» **Extracted records**:
##########
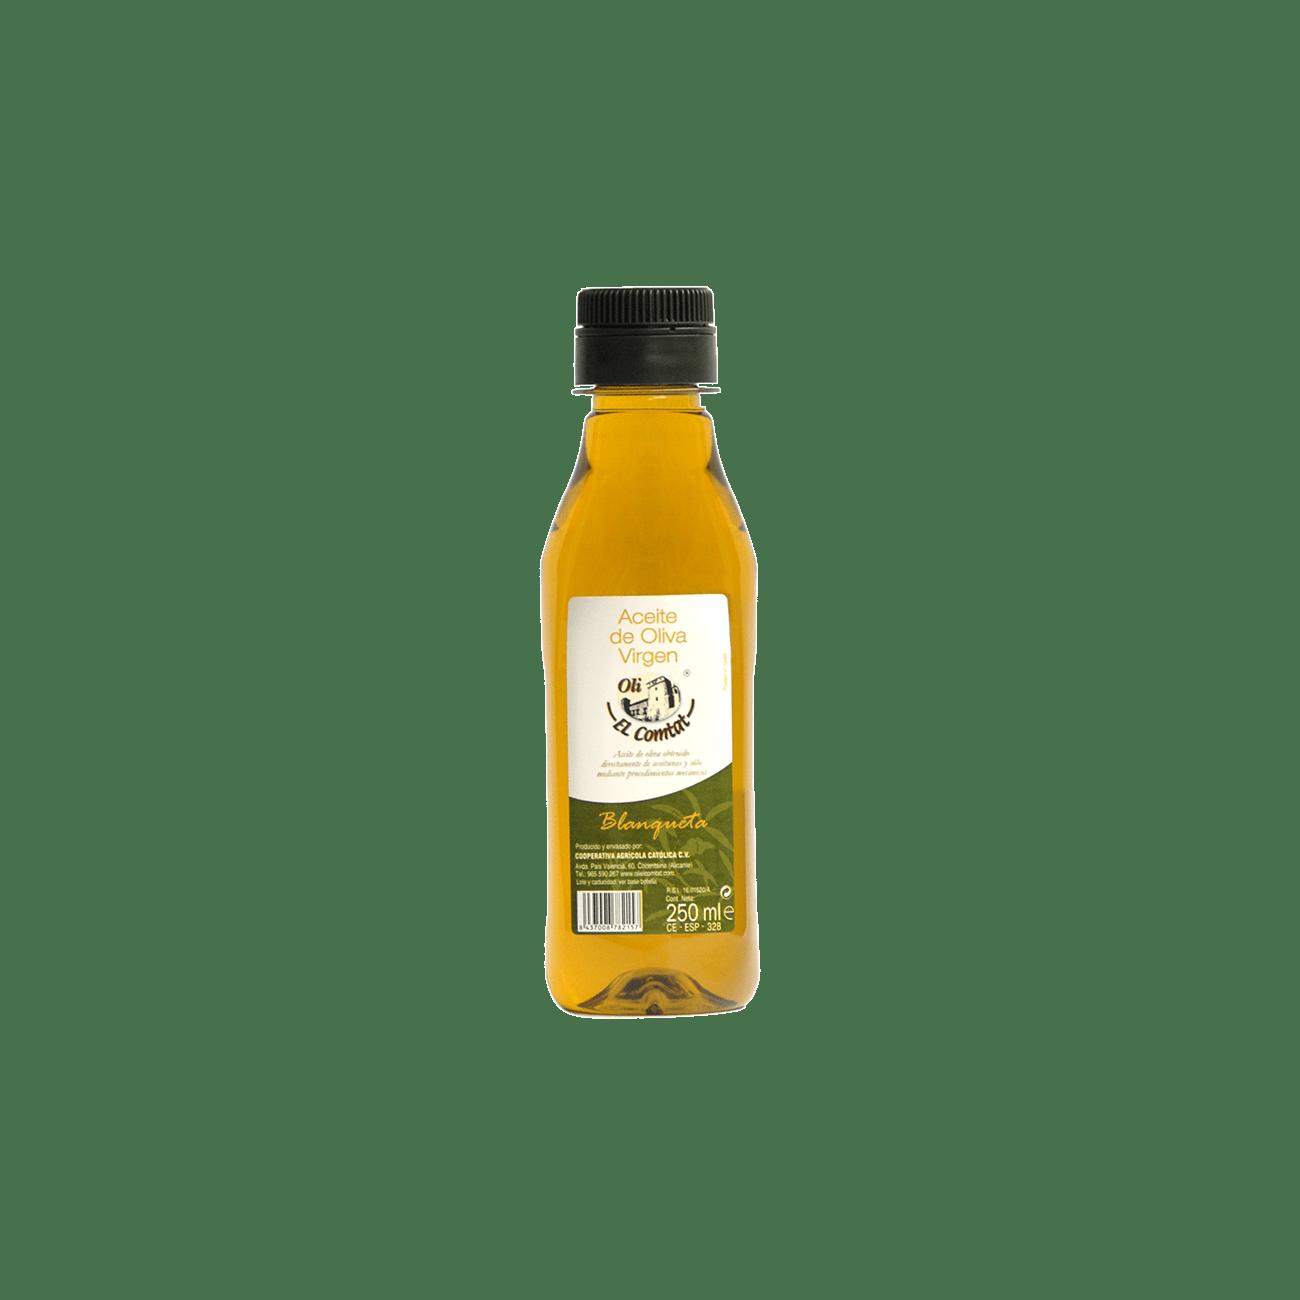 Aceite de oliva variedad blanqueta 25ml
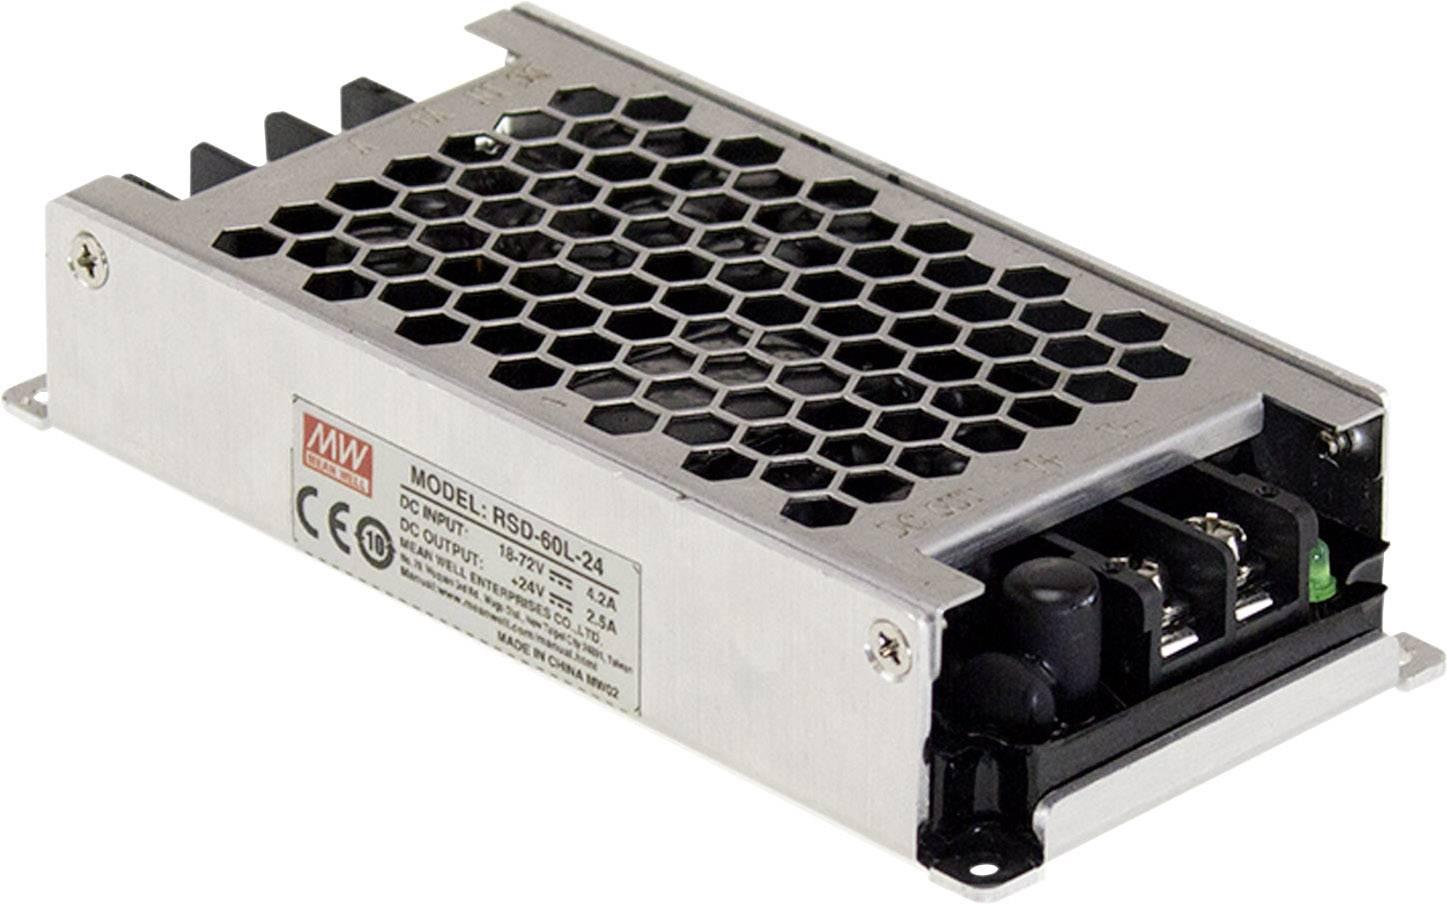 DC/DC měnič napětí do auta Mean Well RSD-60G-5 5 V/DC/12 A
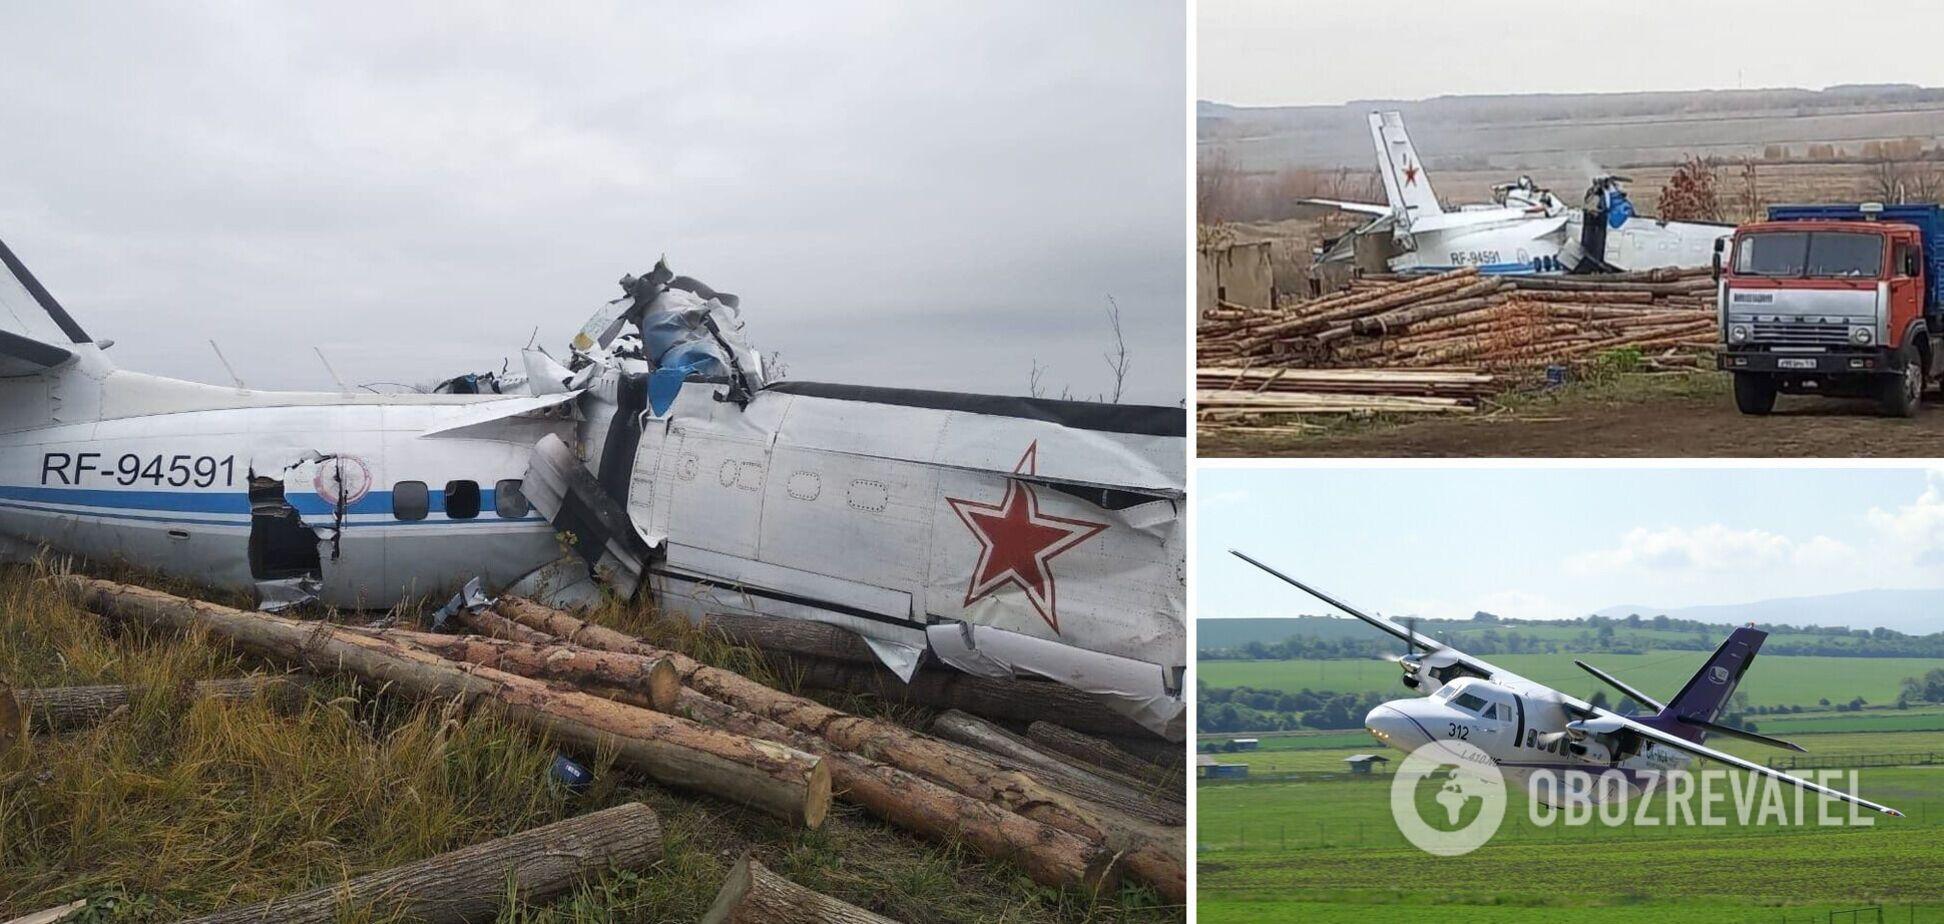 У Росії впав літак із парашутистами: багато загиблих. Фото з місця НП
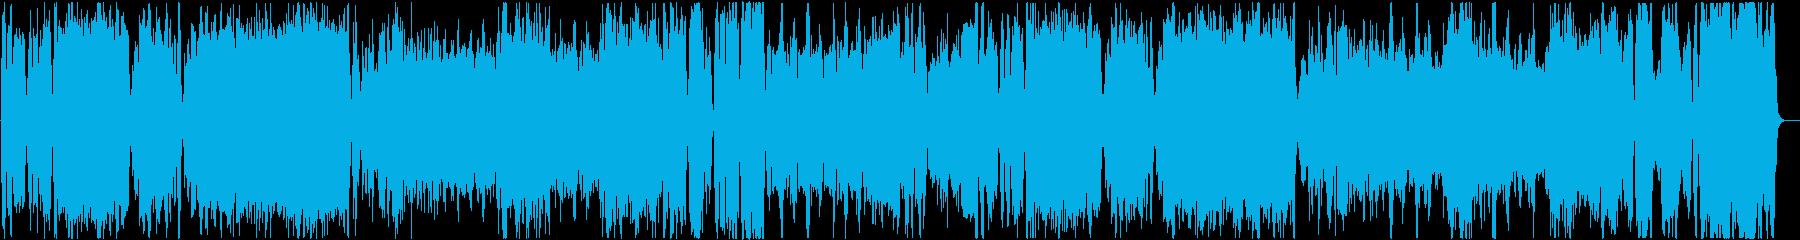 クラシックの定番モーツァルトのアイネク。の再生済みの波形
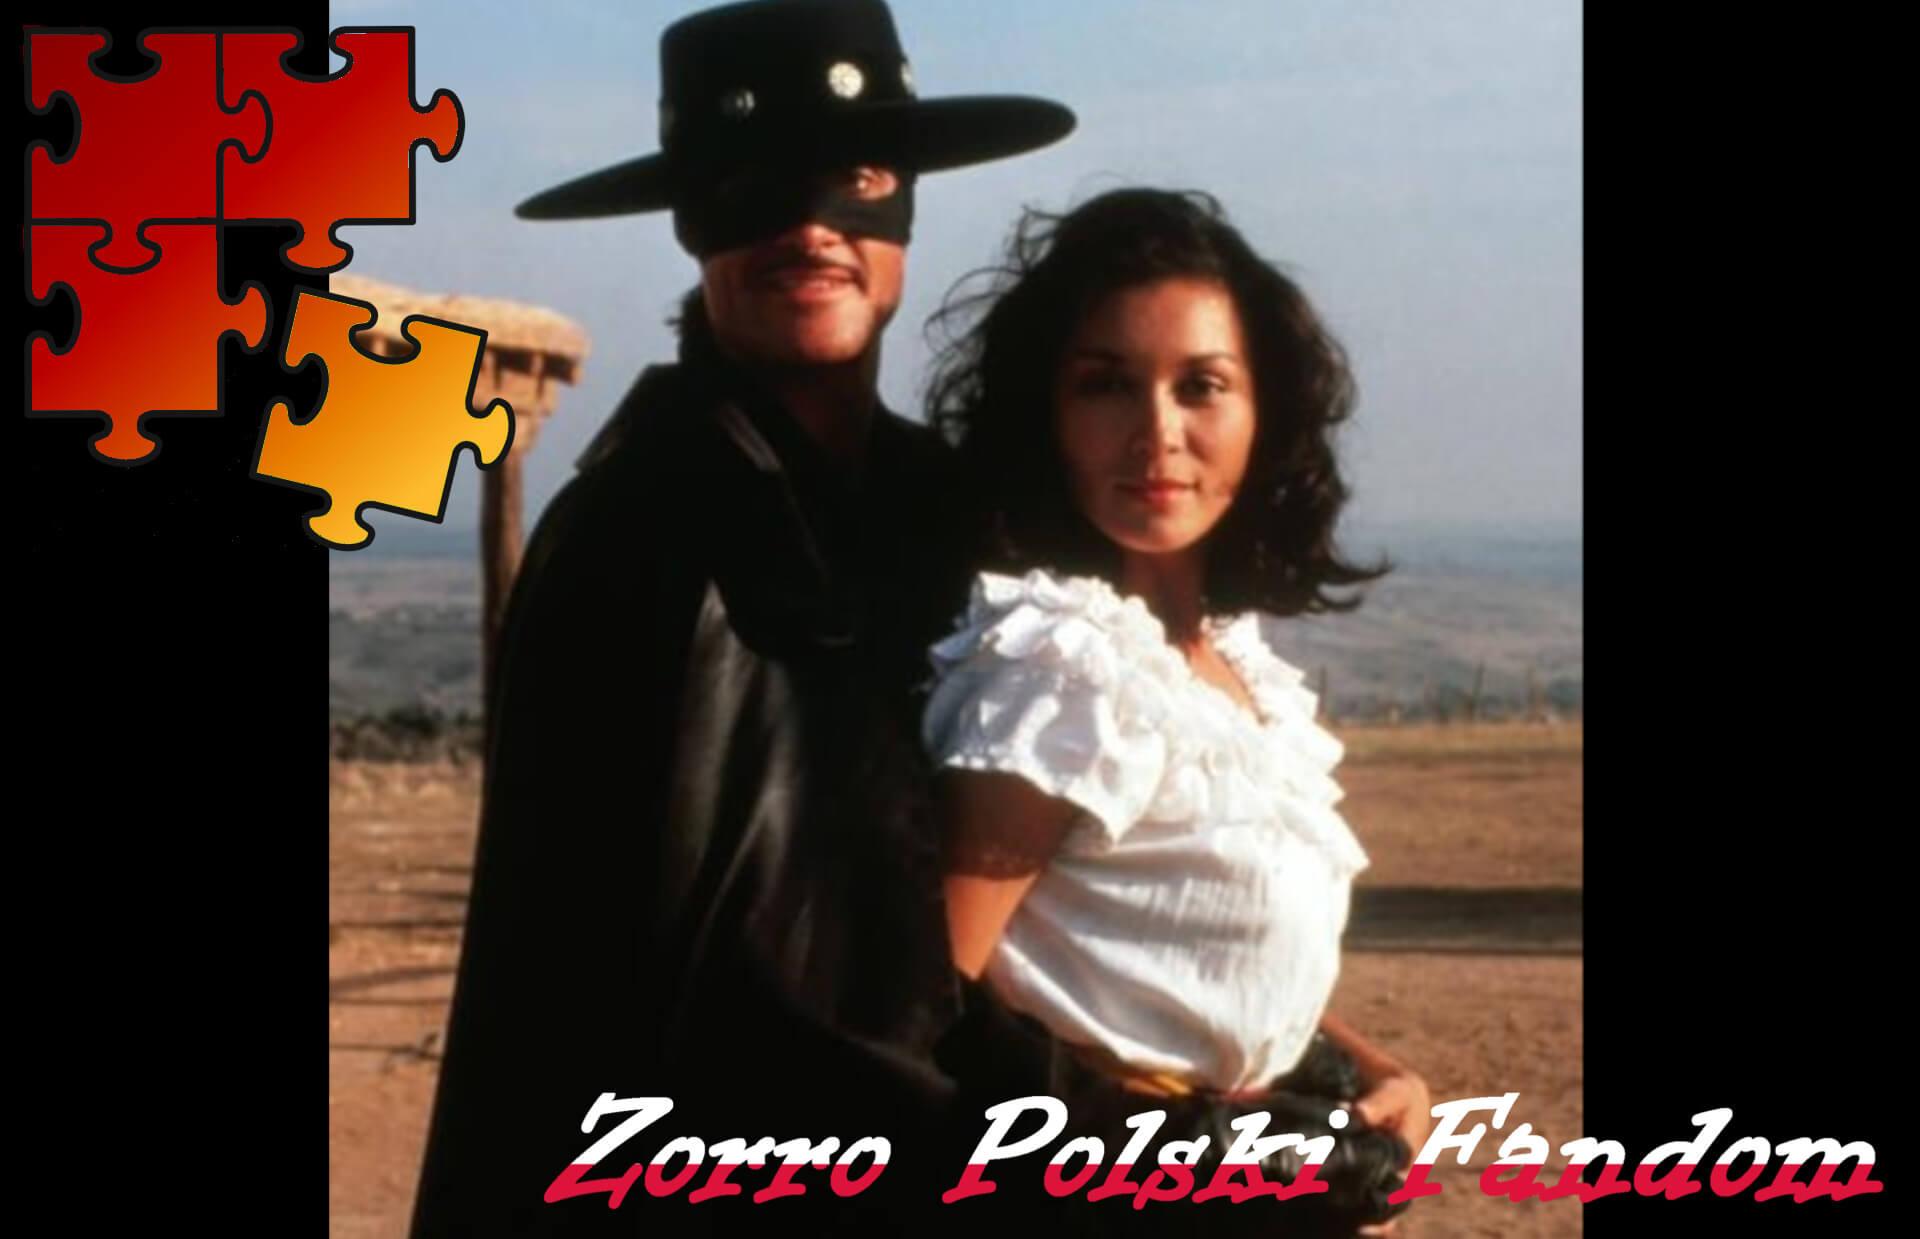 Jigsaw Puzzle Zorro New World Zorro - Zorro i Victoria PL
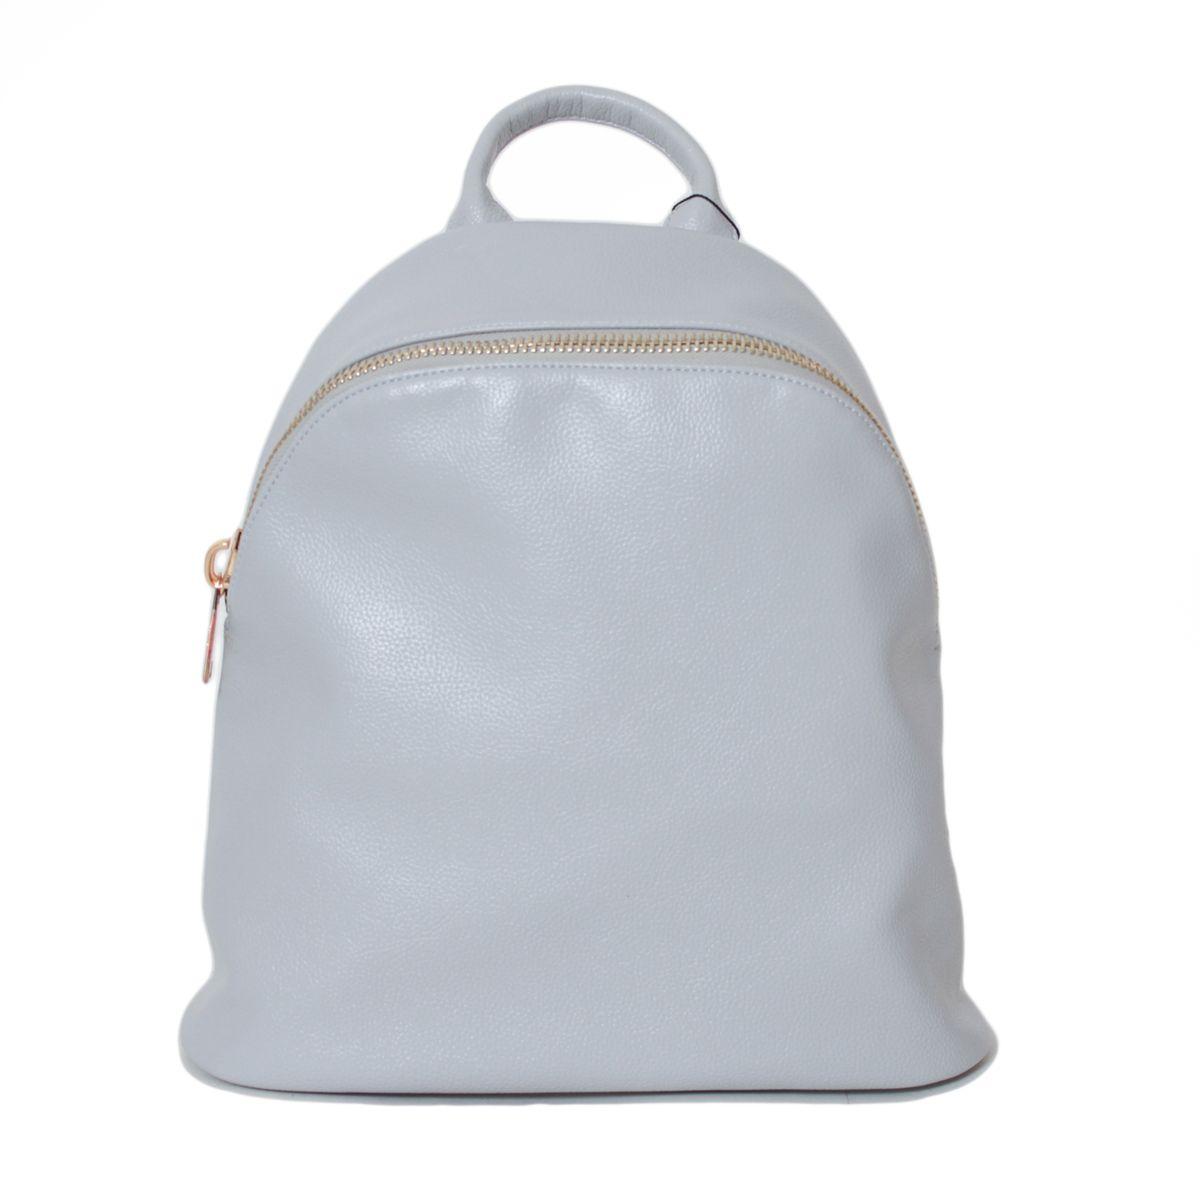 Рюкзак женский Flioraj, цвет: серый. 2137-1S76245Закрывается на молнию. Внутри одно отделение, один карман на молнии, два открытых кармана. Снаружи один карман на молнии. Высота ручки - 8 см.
##########
» **TASK GOAL**: Print each record exactly as it stands, leaving the images out.

» **EXERCISE ANSWER**:
 Aceite de oliva variedad blanqueta 25ml
 DC/DC měnič napětí do auta Mean Well RSD-60G-5 5 V/DC/12 A
 У Росії впав літак із парашутистами: багато загиблих. Фото з місця НП
 クラシックの定番モーツァルトのアイネク。の再生済みの波形
 Jigsaw Puzzle Zorro New World Zorro - Zorro i Victoria PL
 Рюкзак женский Flioraj, цвет: серый. 2137-1S76245Закрывается на молнию. Внутри одно отделение, один карман на молнии, два открытых кармана. Снаружи один карман на молнии. Высота ручки - 8 см.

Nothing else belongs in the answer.